Apologists for capitalism claim that PE companies drive efficiency gains in the economy which result in improved returns for pension funder investors and shareholders. However the huge returns for pension funds are often just a mirage with the rate of return undercut by the enormous fees charged by general partners in a PE company.
Private equity operates a predatory circuit: it leverages debt to acquire companies; intensifies the exploitation of labour to service that debt; and appropriates the extracted surplus for itself before selling on the victim to move onto the next opportunity. This is not investment but legalised asset-stripping, enriching a few by impoverishing many and destabilising entire industries and the lives of millions of workers.
Expropriation and workers control
Tinkering with regulations is futile.

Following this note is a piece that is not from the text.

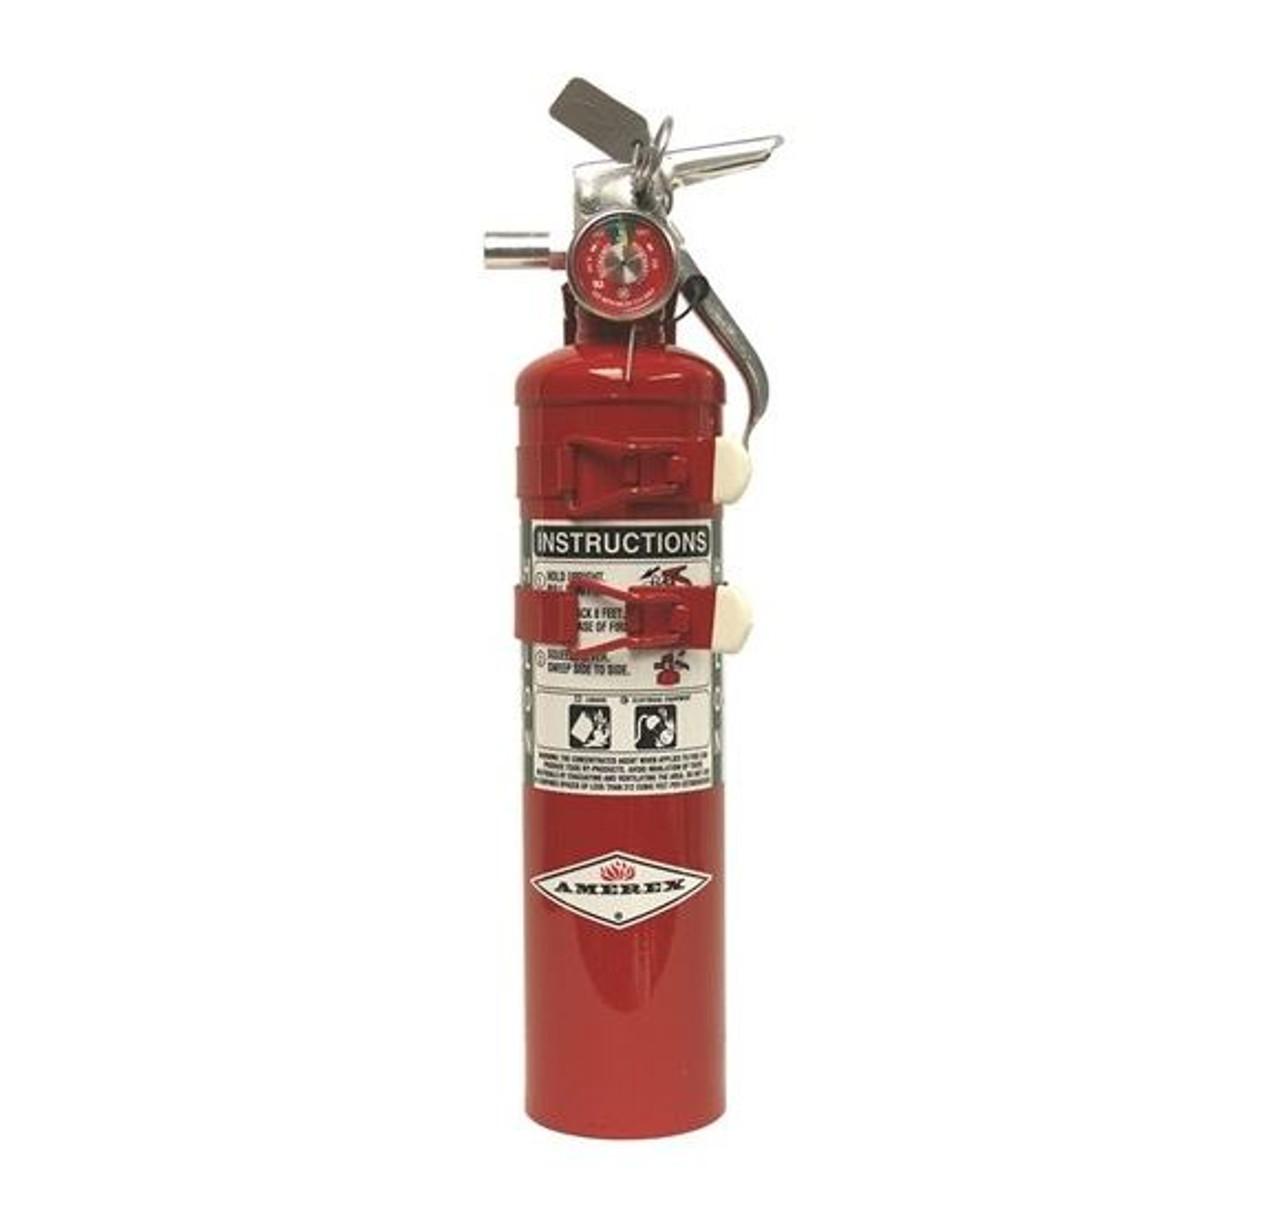 Amerex C352TS - 2.5 lb Halon 1211 Fire Extinguisher

The PE model itself is the most parasitic of the innately exploitative capitalist economy. But like any multi-trillion dollar sector, it holds bourgeois governments in thrall and its impact is not just confined to slicing and dicing the manufacturing sector. PE is playing an increasing role in the provision of long-term healthcare, such as nursing homes, a recipe for disaster with a threat of a catastrophic decline in care standards.
These firms add no productive value; they are simply mechanisms to sharply leverage exploitation. Like the rest of the capitalist economy, their vast wealth – built entirely on the exploitation of the labour of workers – must be expropriated into social ownership. The crippling debt imposed on victim companies should be written off as they are handed over to workers’ management and control. Socialists demand social need and not the insatiable thirst of vampire capital is served by the economy.